> TRY IT: For this exercise, repeat every line of the material exactly.

> INPUT DATA:

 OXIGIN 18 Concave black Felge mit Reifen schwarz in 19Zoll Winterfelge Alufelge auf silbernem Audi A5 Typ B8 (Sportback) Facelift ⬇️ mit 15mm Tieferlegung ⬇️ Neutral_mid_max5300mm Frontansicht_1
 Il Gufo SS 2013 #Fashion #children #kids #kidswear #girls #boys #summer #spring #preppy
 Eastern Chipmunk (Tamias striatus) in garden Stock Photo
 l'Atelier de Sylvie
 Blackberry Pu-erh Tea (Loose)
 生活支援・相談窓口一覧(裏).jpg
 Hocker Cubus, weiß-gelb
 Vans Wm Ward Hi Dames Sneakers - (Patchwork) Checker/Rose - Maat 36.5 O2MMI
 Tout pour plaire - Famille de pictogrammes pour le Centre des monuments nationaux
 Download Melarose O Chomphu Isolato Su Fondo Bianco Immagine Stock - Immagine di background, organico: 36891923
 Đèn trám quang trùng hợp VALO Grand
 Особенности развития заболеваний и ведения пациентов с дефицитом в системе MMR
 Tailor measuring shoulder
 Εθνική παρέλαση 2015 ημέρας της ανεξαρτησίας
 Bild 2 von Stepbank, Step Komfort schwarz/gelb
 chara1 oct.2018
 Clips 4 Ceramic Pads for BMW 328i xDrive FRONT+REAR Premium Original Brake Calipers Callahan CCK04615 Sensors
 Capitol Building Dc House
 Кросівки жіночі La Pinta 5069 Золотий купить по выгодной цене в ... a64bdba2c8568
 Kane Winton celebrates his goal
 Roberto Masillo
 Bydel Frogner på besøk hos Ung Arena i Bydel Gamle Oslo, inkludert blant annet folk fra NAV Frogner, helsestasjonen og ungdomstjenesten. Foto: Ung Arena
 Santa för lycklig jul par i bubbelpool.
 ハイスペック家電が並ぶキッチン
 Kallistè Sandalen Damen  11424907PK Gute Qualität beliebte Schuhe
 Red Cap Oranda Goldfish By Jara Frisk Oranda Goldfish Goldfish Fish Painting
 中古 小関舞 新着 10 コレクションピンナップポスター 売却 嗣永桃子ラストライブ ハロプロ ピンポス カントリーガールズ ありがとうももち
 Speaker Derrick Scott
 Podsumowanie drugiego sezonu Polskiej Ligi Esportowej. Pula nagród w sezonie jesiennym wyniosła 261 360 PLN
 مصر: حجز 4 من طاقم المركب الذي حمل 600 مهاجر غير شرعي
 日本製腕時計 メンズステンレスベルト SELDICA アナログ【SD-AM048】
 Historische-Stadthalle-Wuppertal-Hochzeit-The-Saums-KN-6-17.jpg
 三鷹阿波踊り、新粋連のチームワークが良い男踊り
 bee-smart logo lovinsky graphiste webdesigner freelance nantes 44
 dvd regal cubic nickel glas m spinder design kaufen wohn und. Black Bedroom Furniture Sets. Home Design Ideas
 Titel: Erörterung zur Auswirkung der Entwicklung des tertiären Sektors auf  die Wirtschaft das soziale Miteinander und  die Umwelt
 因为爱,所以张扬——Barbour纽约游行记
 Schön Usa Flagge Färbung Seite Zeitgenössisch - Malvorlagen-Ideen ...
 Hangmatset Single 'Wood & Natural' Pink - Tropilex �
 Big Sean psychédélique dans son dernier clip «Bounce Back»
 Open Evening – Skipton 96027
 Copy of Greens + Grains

> ANSWER FOR THE TASK:
 OXIGIN 18 Concave black Felge mit Reifen schwarz in 19Zoll Winterfelge Alufelge auf silbernem Audi A5 Typ B8 (Sportback) Facelift ⬇️ mit 15mm Tieferlegung ⬇️ Neutral_mid_max5300mm Frontansicht_1
 Il Gufo SS 2013 #Fashion #children #kids #kidswear #girls #boys #summer #spring #preppy
 Eastern Chipmunk (Tamias striatus) in garden Stock Photo
 l'Atelier de Sylvie
 Blackberry Pu-erh Tea (Loose)
 生活支援・相談窓口一覧(裏).jpg
 Hocker Cubus, weiß-gelb
 Vans Wm Ward Hi Dames Sneakers - (Patchwork) Checker/Rose - Maat 36.5 O2MMI
 Tout pour plaire - Famille de pictogrammes pour le Centre des monuments nationaux
 Download Melarose O Chomphu Isolato Su Fondo Bianco Immagine Stock - Immagine di background, organico: 36891923
 Đèn trám quang trùng hợp VALO Grand
 Особенности развития заболеваний и ведения пациентов с дефицитом в системе MMR
 Tailor measuring shoulder
 Εθνική παρέλαση 2015 ημέρας της ανεξαρτησίας
 Bild 2 von Stepbank, Step Komfort schwarz/gelb
 chara1 oct.2018
 Clips 4 Ceramic Pads for BMW 328i xDrive FRONT+REAR Premium Original Brake Calipers Callahan CCK04615 Sensors
 Capitol Building Dc House
 Кросівки жіночі La Pinta 5069 Золотий купить по выгодной цене в ... a64bdba2c8568
 Kane Winton celebrates his goal
 Roberto Masillo
 Bydel Frogner på besøk hos Ung Arena i Bydel Gamle Oslo, inkludert blant annet folk fra NAV Frogner, helsestasjonen og ungdomstjenesten. Foto: Ung Arena
 Santa för lycklig jul par i bubbelpool.
 ハイスペック家電が並ぶキッチン
 Kallistè Sandalen Damen  11424907PK Gute Qualität beliebte Schuhe
 Red Cap Oranda Goldfish By Jara Frisk Oranda Goldfish Goldfish Fish Painting
 中古 小関舞 新着 10 コレクションピンナップポスター 売却 嗣永桃子ラストライブ ハロプロ ピンポス カントリーガールズ ありがとうももち
 Speaker Derrick Scott
 Podsumowanie drugiego sezonu Polskiej Ligi Esportowej. Pula nagród w sezonie jesiennym wyniosła 261 360 PLN
 مصر: حجز 4 من طاقم المركب الذي حمل 600 مهاجر غير شرعي
 日本製腕時計 メンズステンレスベルト SELDICA アナログ【SD-AM048】
 Historische-Stadthalle-Wuppertal-Hochzeit-The-Saums-KN-6-17.jpg
 三鷹阿波踊り、新粋連のチームワークが良い男踊り
 bee-smart logo lovinsky graphiste webdesigner freelance nantes 44
 dvd regal cubic nickel glas m spinder design kaufen wohn und. Black Bedroom Furniture Sets. Home Design Ideas
 Titel: Erörterung zur Auswirkung der Entwicklung des tertiären Sektors auf  die Wirtschaft das soziale Miteinander und  die Umwelt
 因为爱,所以张扬——Barbour纽约游行记
 Schön Usa Flagge Färbung Seite Zeitgenössisch - Malvorlagen-Ideen ...
 Hangmatset Single 'Wood & Natural' Pink - Tropilex �
 Big Sean psychédélique dans son dernier clip «Bounce Back»
 Open Evening – Skipton 96027
 Copy of Greens + Grains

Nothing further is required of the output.